Smartly, one of our group was wise enough to bring along her blood mary from the table on our forced march. The rest of us were left to wonder how thirsty we might be by the time rescuers dig us out of the rubble.

Cue nervous laughter. Booms of thunder. Hail the size of canned hams, as David Letterman once famously reported as a Channel 13 weatherman.

Sure I could interject the old standby “trees were blown down that had never been blown down before” here for a cheap laugh. But I wouldn’t do that.

But in a matter of minutes it was over. The storm passed. Appetizers were ordered. Drinks were consumed and all was seemingly right with the world.

Even the restaurant staff was jovial again by now. Holding the door open for us as we left, the waitress whimsically offered, “Hope you enjoyed the complimentary tornado.”

Funny. But not so much when I got home.

Greeted by the sound of silence (not the Simon and Garfunkel kind), I quickly realized the power was out. The cable TV was off and the dog was curled up in the corner like he’d seen a neighborhood cat the size of Shrek on the patio.

There’s an app for this I thought and quickly contacted Duke Energy to report my outage, figuring I’d be back and better than ever in moments, maybe even get to watch the second episode of the new “Fargo” series.

But instead I sat in the dark, pondering the situation, life in general and my sad lot in it. Minutes turned into hours and sometime after 1 a.m. I decided to give up and prepare to be awakened by a blaring TV whenever the power returned in the wee small hours of the morning.

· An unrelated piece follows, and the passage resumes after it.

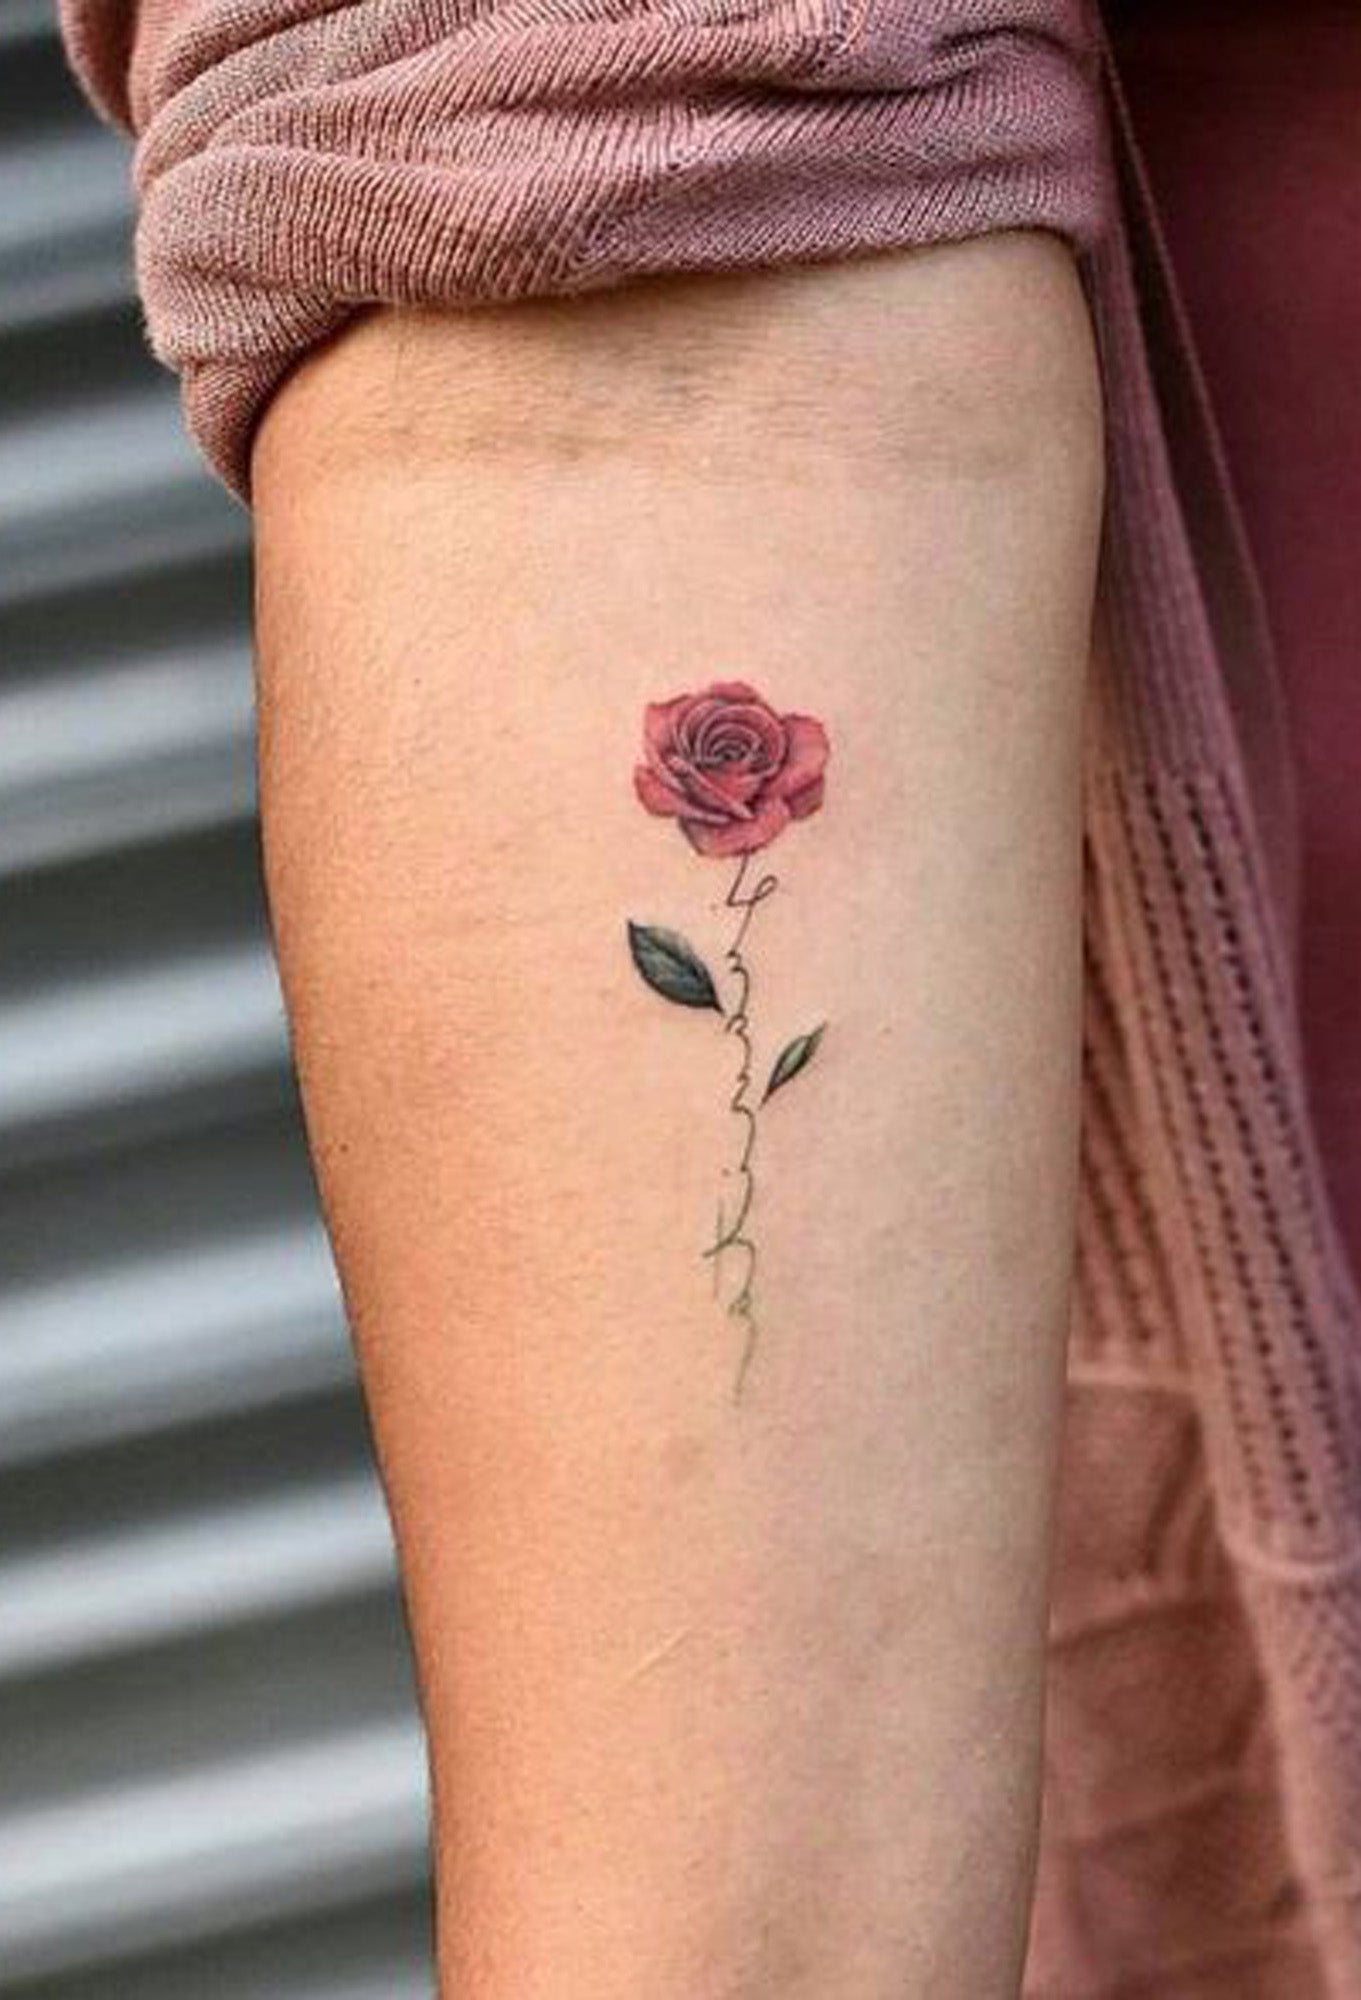 Watercolor Small Cute Forearm Rose Forearm Tattoo Ideas for Women -  Ideas de tatuaje de flor de antebrazo pequeño para mujeres - www.MyBodiArt.com

But I slept until 7:25. Nothing woke me up. “Mike and Mike” weren’t on my TV like they’re supposed to be (perhaps ESPN axed them too?). The dog wasn’t begging to go outside. Nothing seemed right.

Apparently a tree or limb came crashing down on some Duke equipment and put me and 15 neighbors out of power until nearly 2 p.m. Thursday. Not a big deal. Not even a real test of will or a dire 20-below-zero survival situation.

Personal, that’s what this storm was.

To take my mind off it, I checked with sources around the county for damage reports. Most had none to offer.

But trees were apparently down all around Fillmore although Fillmore Elementary School reportedly escaped unscathed.

In fact, just to show how fickle Mother Nature can be -- 70 mph winds and all -- school secretary Penny Long, shared a story.

“We’ve got baby birds out here in a nest,” she said of a spot just outside the school office window. “And they’re all still here.”

And you know what, so are the rest of us.